The dispersion variable also displayed a unique anteroposterior change pattern for each femur. However, there was a considerable resemblance between subjects, posing a challenge in distinguishing one subject from another. Quantitative analysis of the symmetry levels between the right and left femora of the same individual revealed high symmetry in most individuals when evaluated using Pearson correlation (0.563 ≤ r ≤ 0.998, p < 0.050) and PISA (between 0.012 and 0.976), but not when evaluated by alignment cost (between 0.497 and 5.881) (Table 2, Supplementary Table 6, Supplementary Fig. 6).
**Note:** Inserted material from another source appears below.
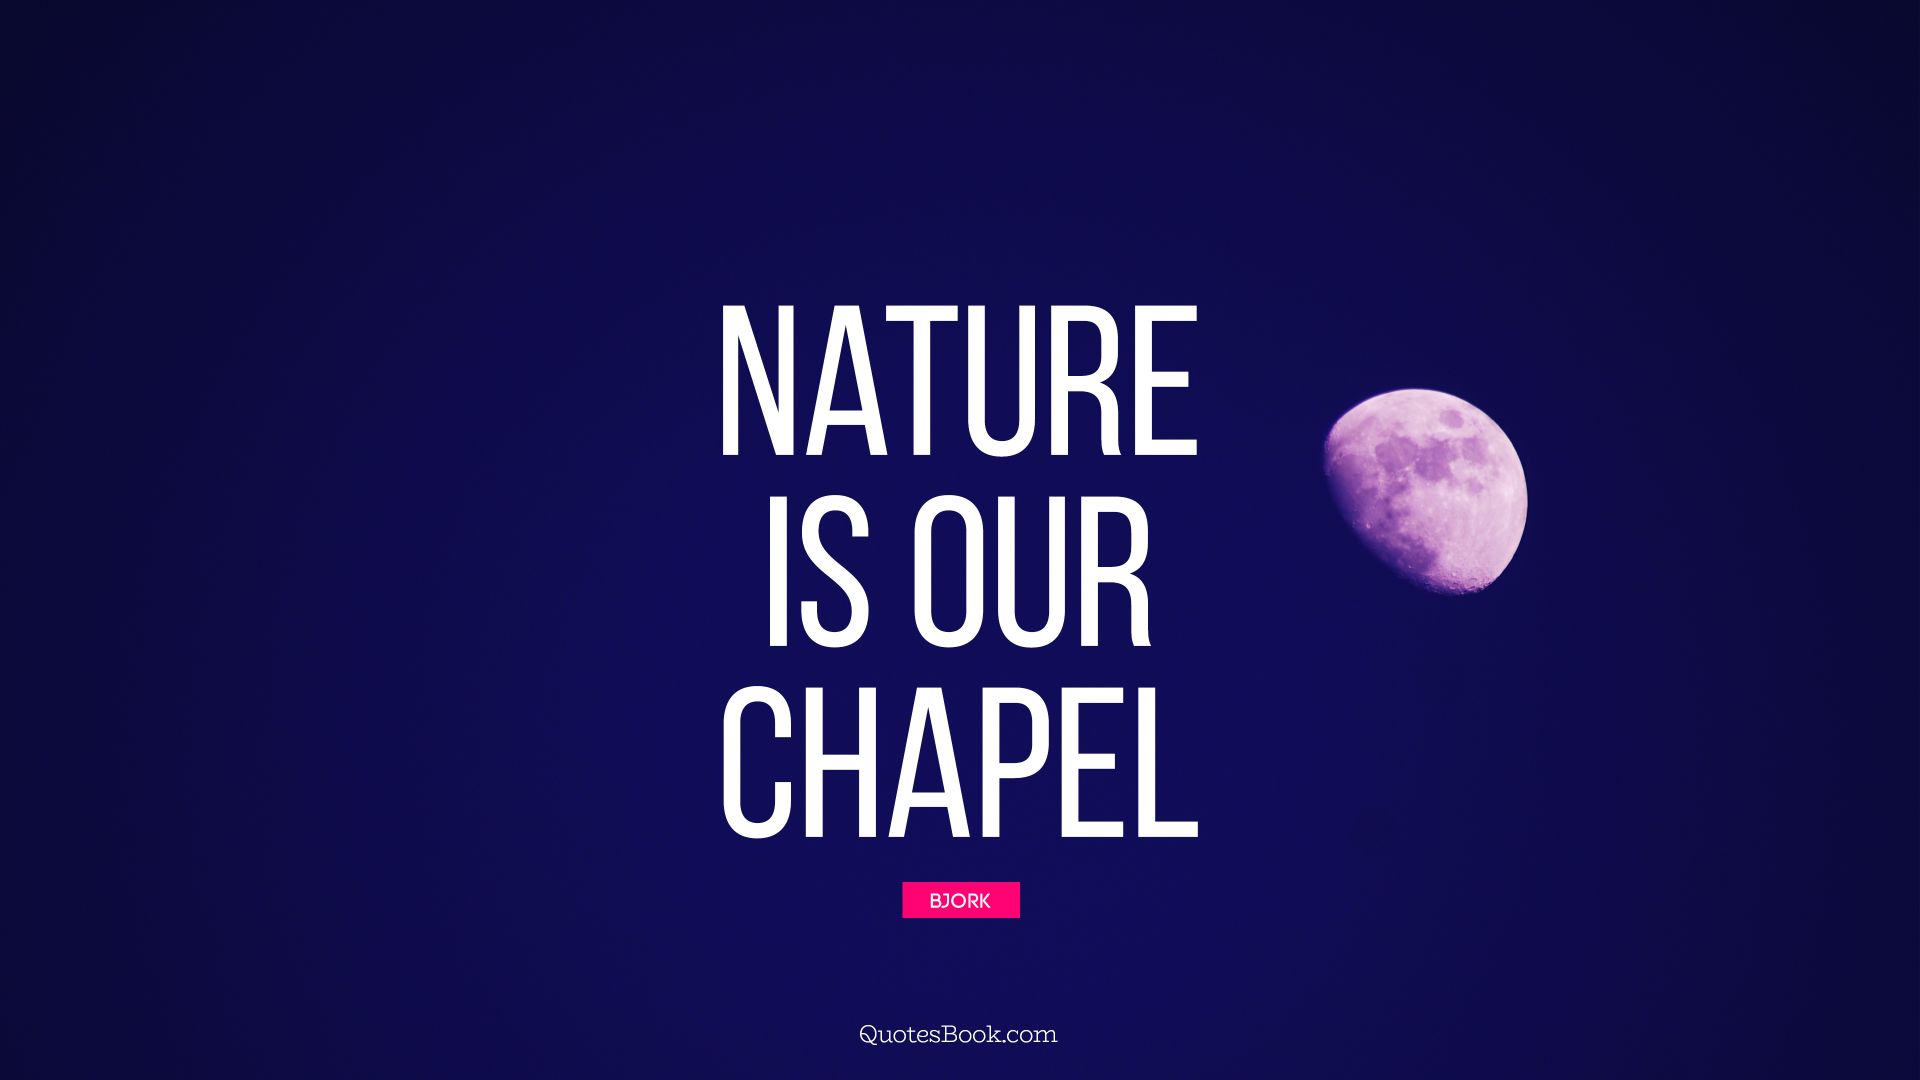 Nature is our chapel. - Quote by Bjork
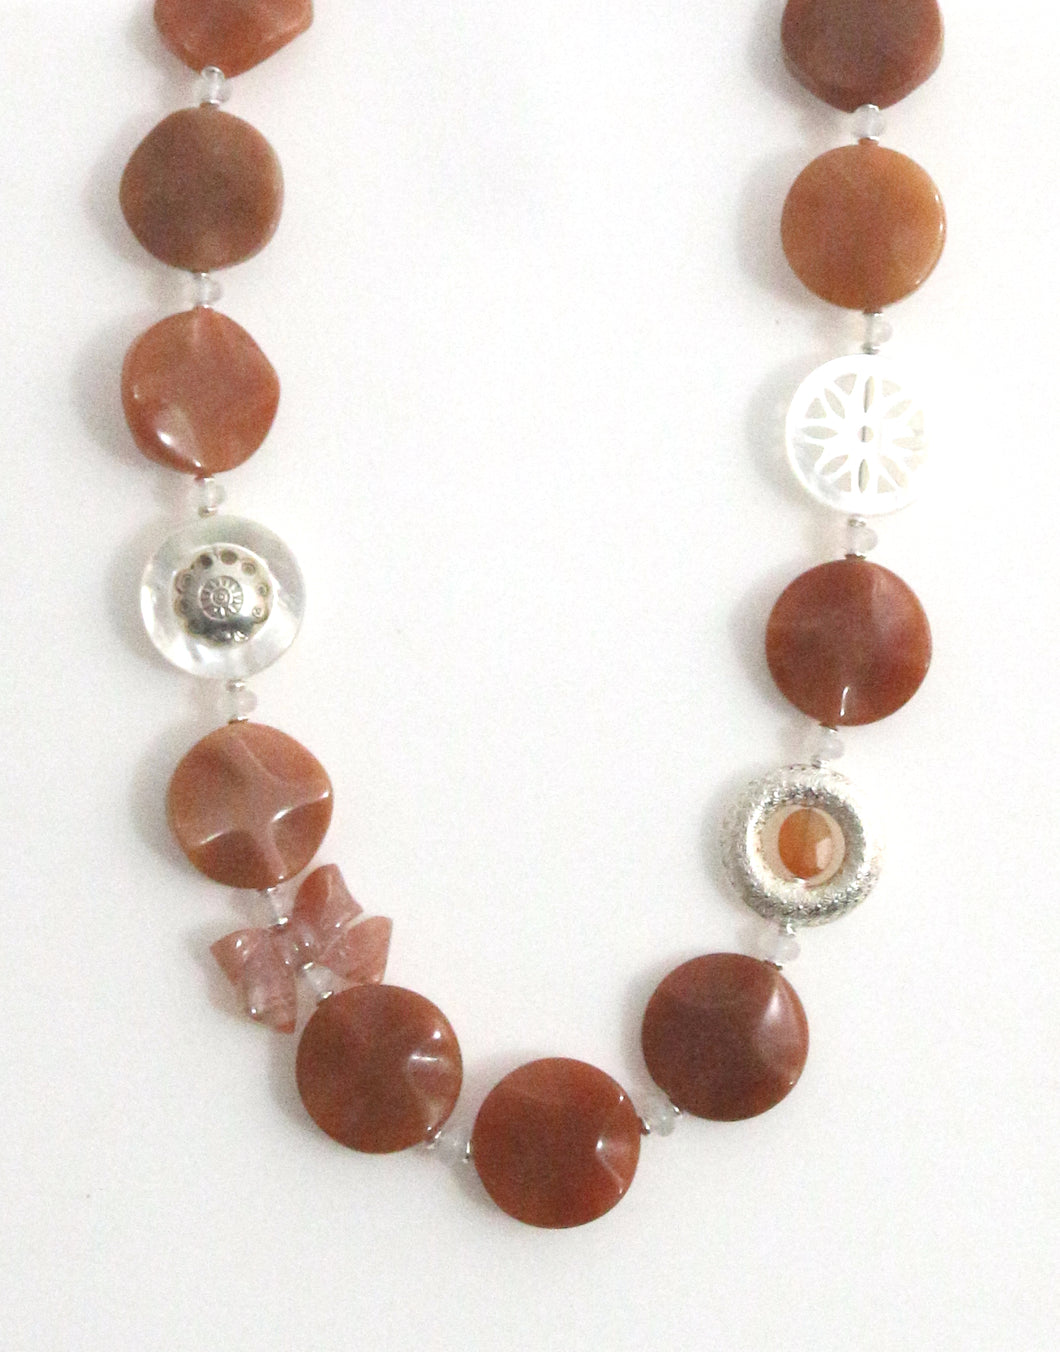 Australian Handmade Orange Necklace with Carnelian Agate MOP and Sterling Silver

Nevertheless, there is a common pattern of direction characterizing all individuals, appearing as an inverted U-shaped curve (Fig. 3a,b). Accordingly, on average, the direction angle of the trabeculae in the femoral head increases towards the midcoronal section. Then, it decreases, reaching a smaller angle in the posterior aspect of the femoral head than in the anterior aspect. The change in the dispersion is the opposite, creating a U-shaped curve (Fig. 3c, d). This signifies that trabeculae not in the preferred orientation tend to converge towards the preferred orientation in the midcoronal area of the femoral head and disperse as they move more anterior or posterior. Moreover, dispersion at the posterior aspect is larger than in the anterior aspect of the femoral head (Fig. 3c-d). An animation exhibiting the change in direction and dispersion in one subject is provided (Supplementary Animation 1).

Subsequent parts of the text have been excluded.